Yargıtay, hile yapan satış müdürünün tazminatsız kovulmasına karar verdi
İşçe, işten çıkarıldığı iş yerine dava açtı. İşçi önce haklı bulundu. Karara itiraz eden işveren işçinin kusurlarını ispat etti. İşçi tazminat alamadı.
Yargıtay 9. Hukuk Dairesi, verdiği emsal nitelikteki kararla birlikte, doğruluk ve bağlılıkla bağdaşmayan harekette bulunan işçinin, tazminatsız kovulmasının önünü açmış oldu.
İşçi, haksızca işten çıkarıldığını savundu
İşçi meyve sebze departmanında satış müdürü olarak çalışırken iş sözleşmesinin işverence haksız şekilde feshedildiğini ileri sürerek, mahkemenin yolunu tuttu.
İşçi birçok konuda tazminat istedi
İşçi, kıdem ve ihbar tazminatı ile manevi tazminat, yıllık izin, fazla çalışma, seyahat ve işyeri için kullanılan telefon gideri alacaklarının tahsilini istedi.
İşveren, işçinin ayrılılışına doğruluk ve bağlılıkla çelişen davranışlarını gösterdi
Mahkemede ifade veren işveren ise davacı satış müdürünün iş sözleşmesinin "doğruluk ve bağlılıkla bağdaşmayan hareketleri" kapsayan 4857 sayılı Kanun'un 25/II-g-e fıkraları uyarınca feshedildiğini, bu nedenle ihbar ve kıdem tazminatı taleplerinin yerinde olmadığını öne sürdü.

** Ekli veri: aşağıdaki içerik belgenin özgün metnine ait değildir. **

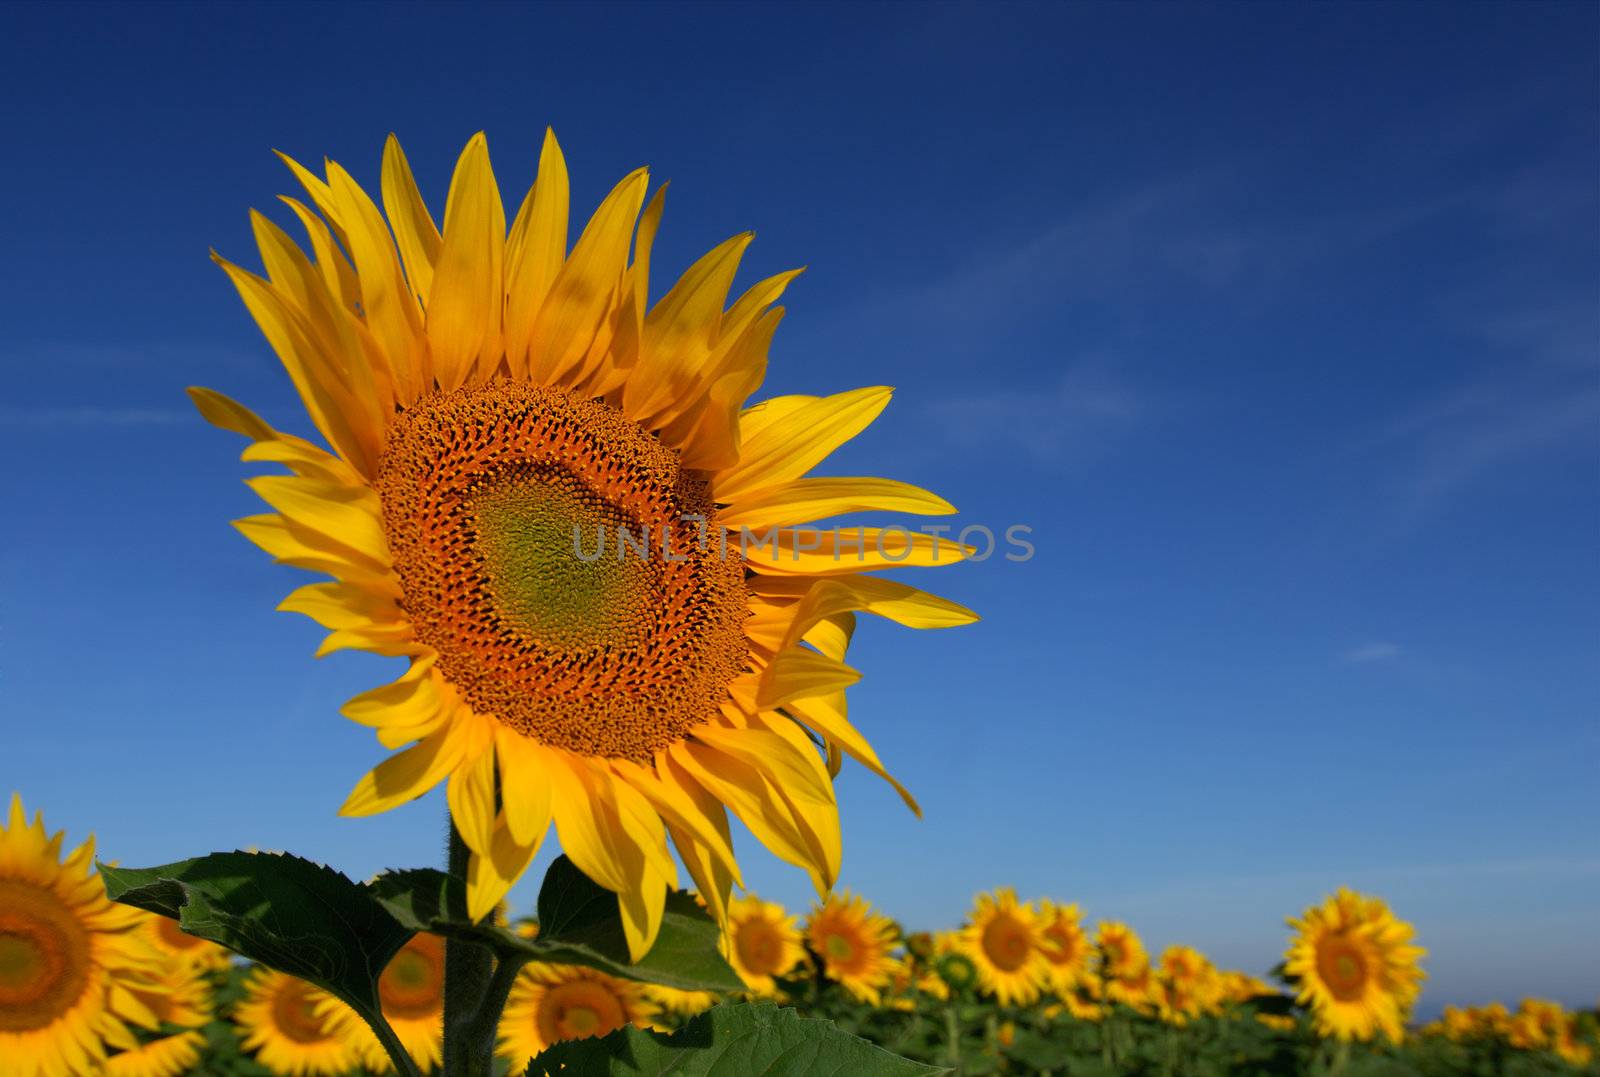 Wild sunflower by akarelias

İşçinin, iş yerini zarara uğrattığı iddiası vardı
Davalı patron, müdürün yaptığı hileli işlemler sonucunda şirketin 1 milyon lira zarara uğradığının tespit edildiğini öne sürdü.
İşci beraat etmişti
Davacının "görevi kötüye kullanmak" suçundan yargılandığı ceza davasından beraat ettiğine dikkat çeken mahkeme, iş sözleşmesinin işverence haklı neden olmadan feshedildiği, buna göre davacının kıdem ve ihbar tazminatına hak kazandığı gibi fazla çalışma, yıllık izin ücreti alacakları da olduğu, diğer taleplerin reddi gerektiği gerekçesi ile davanın kısmen kabulüne hükmetti.
Karar temyiz edildi
İHA'nın haberine göre, kararı davalı şirket sahibi temyiz edince devreye Yargıtay 9. Hukuk Dairesi girdi.
Davacı hakkındaki suçlarla ilgili bilgi vermemişti
Yargıtay 9. Hukuk Dairesi'nin kararında işyerinde yapılan denetimde bir kısım usulsüzlüklerin tespiti üzerine davacıdan bilgi istendiği, davacının ise bilgi vermediği hatırlatıldı.
İşçinin devamsızlığı vardı
Davacının devamsızlık ve güveni kötüye kullanma nedenleriyle 4857 sayılı Kanun'un 25/II-g-e hükümlerine göre iş sözleşmesinin haklı olarak feshedildiği vurgulandı.
İşcinin ürünleri zamanında kaybetmediği tespit edildi
Kararda şu ifadelere yer verildi: "İç denetim sırasındaki beyanlar dikkate alındığında; davacı ile yardımcısının sorumluluğunda alının bir kısım ürünlerin sisteme zamanında kaydedilmediği aynı ürünün kısa aralıklarla farklı fiyatlardan satın alındığı anlaşılmıştır.
İşveren haklı bulundu, işçinin tazminat talebi reddedildi
Davacı ile yardımcısının zamanında kayıtlara girilmemesine bağlı olarak satış fiyatlarının şirket politikasına uygun belirlenmeyip usulsüz işlemlerle işverenin zarara uğradığına yönelik delillere göre, doğruluk ve bağlılığa uymayan davranışlar nedeniyle işverence yapılan feshin haklı olduğunun anlaşılması karşısında, davaya konu kıdem ve ihbar tazminatına yönelik taleplerin reddi yerine kabulü hatalı olup bozmayı gerektirmiştir."